◆ Problem statement: Required from the data below: the exact lines starting at the line containing "Mermaid champagne prom" and ending at the line containing "Health Department Director.", with both ends kept and all pictures dropped.

◆ Material provided:
==========
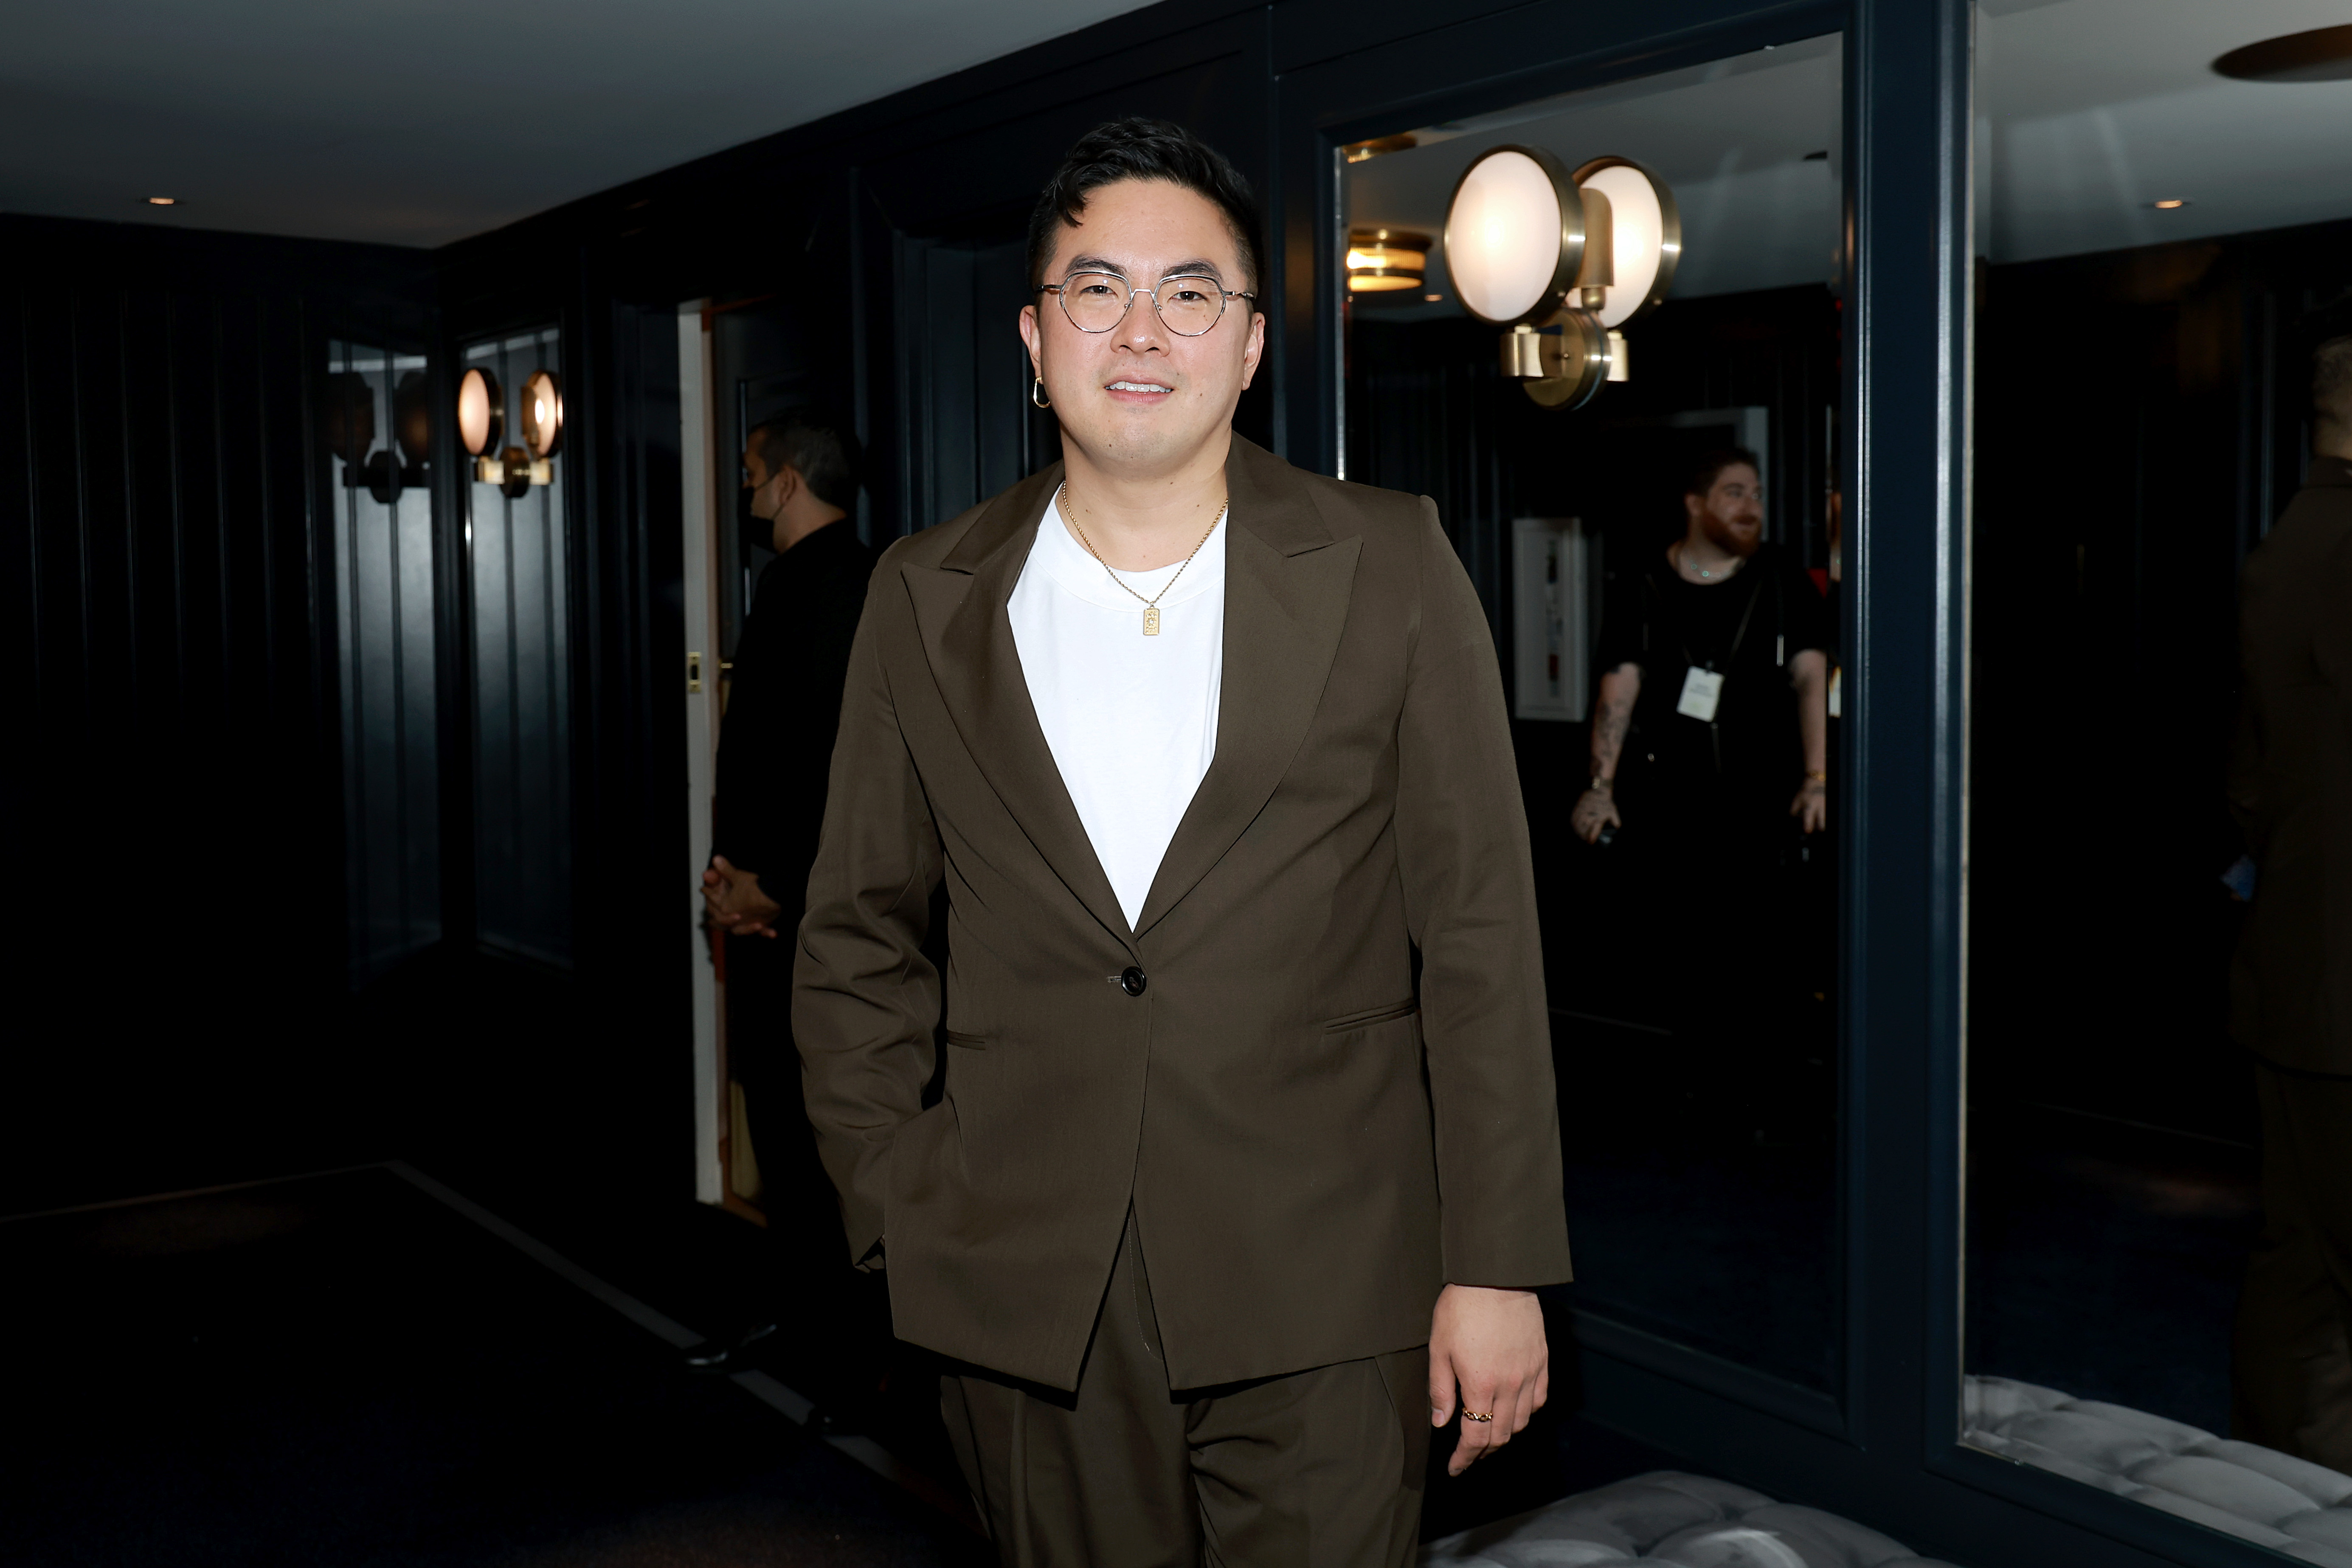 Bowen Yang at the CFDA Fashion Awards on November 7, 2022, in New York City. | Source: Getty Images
==========
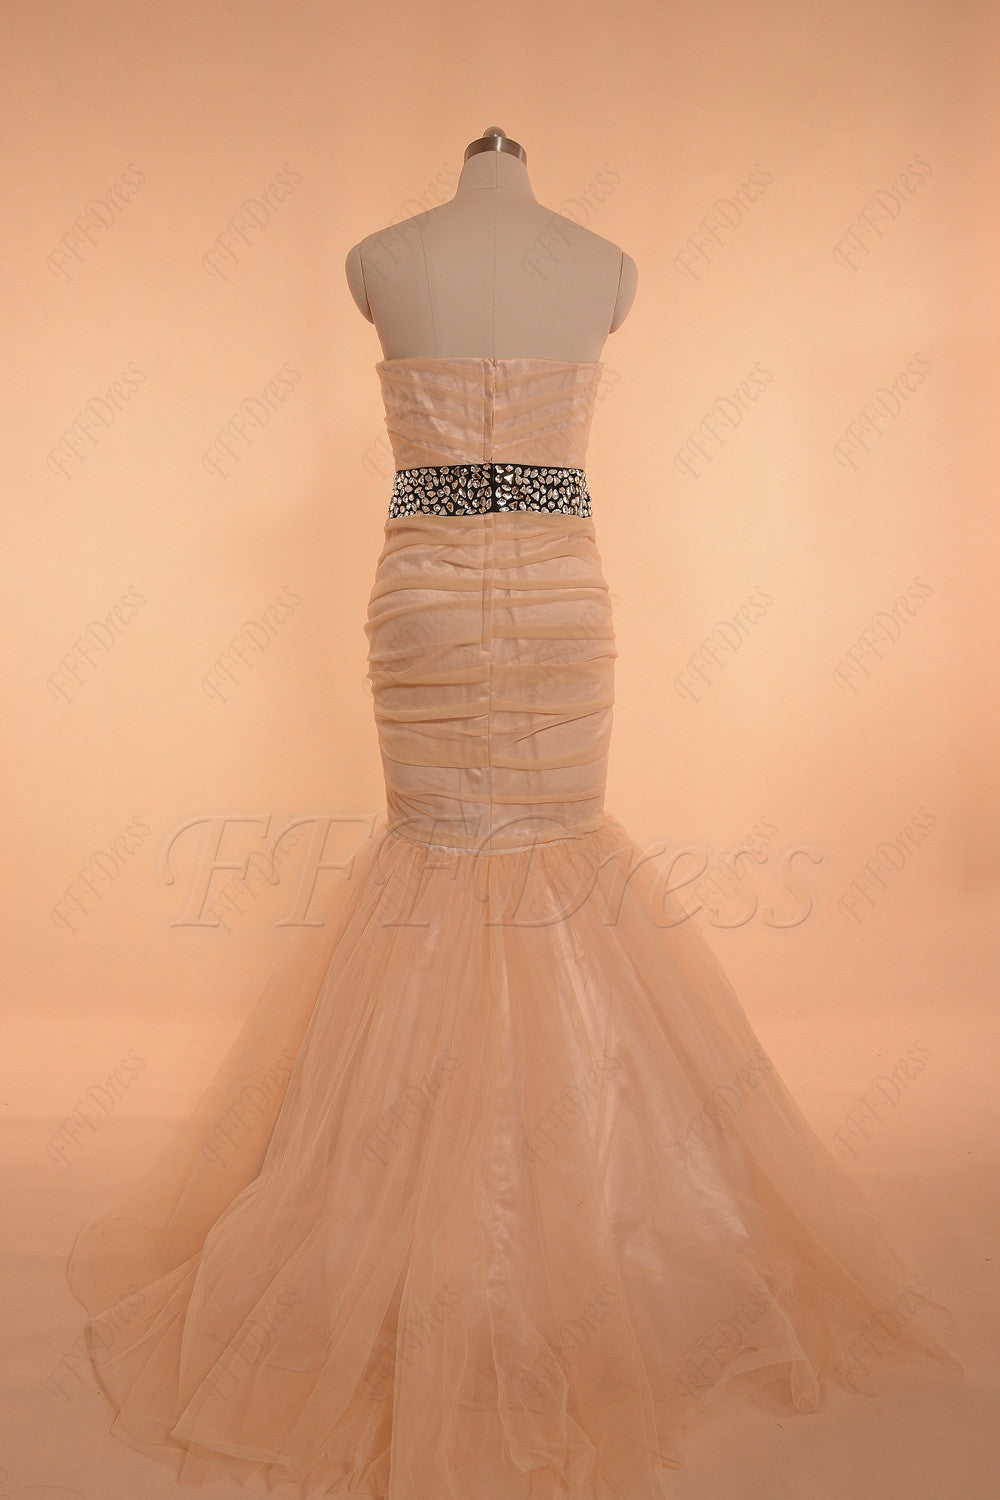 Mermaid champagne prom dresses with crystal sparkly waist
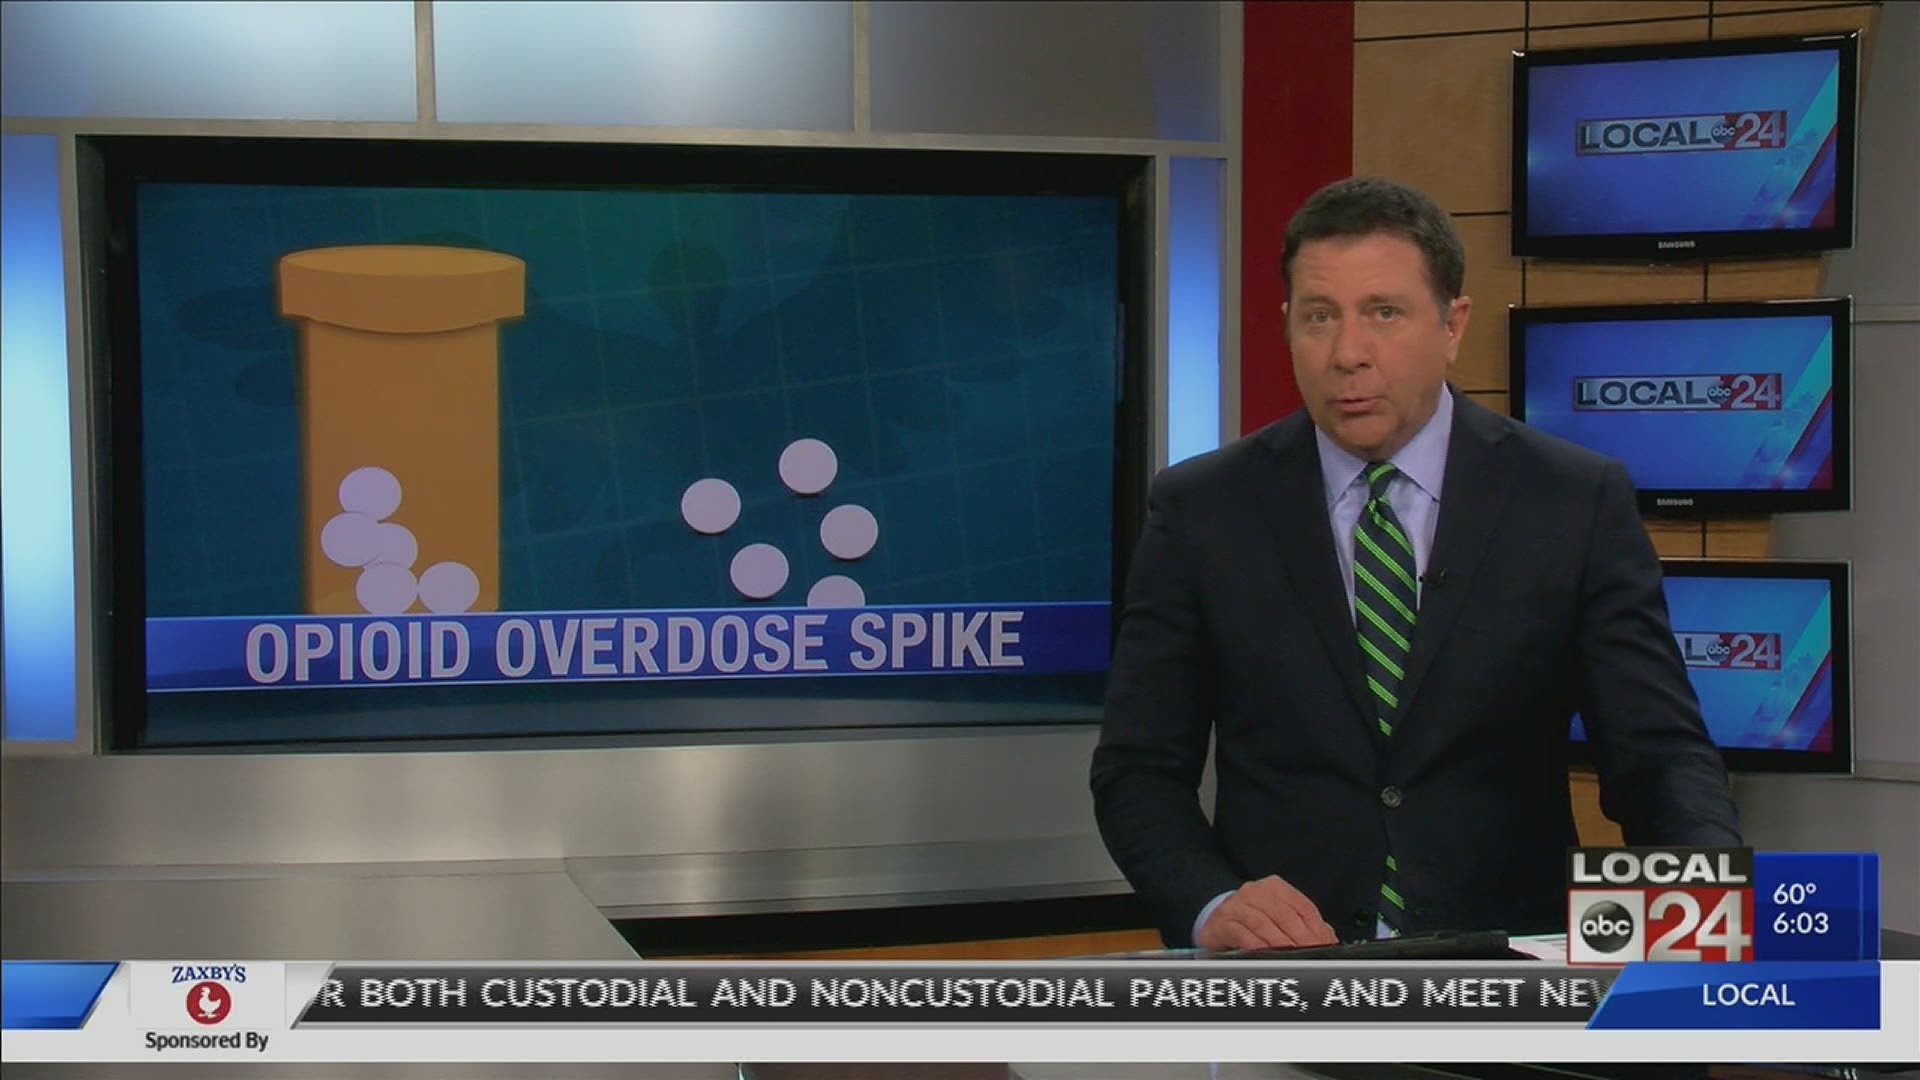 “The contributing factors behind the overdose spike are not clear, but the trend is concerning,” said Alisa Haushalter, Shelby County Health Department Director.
==========
◆ Answer box:
 Mermaid champagne prom dresses with crystal sparkly waist
 “The contributing factors behind the overdose spike are not clear, but the trend is concerning,” said Alisa Haushalter, Shelby County Health Department Director.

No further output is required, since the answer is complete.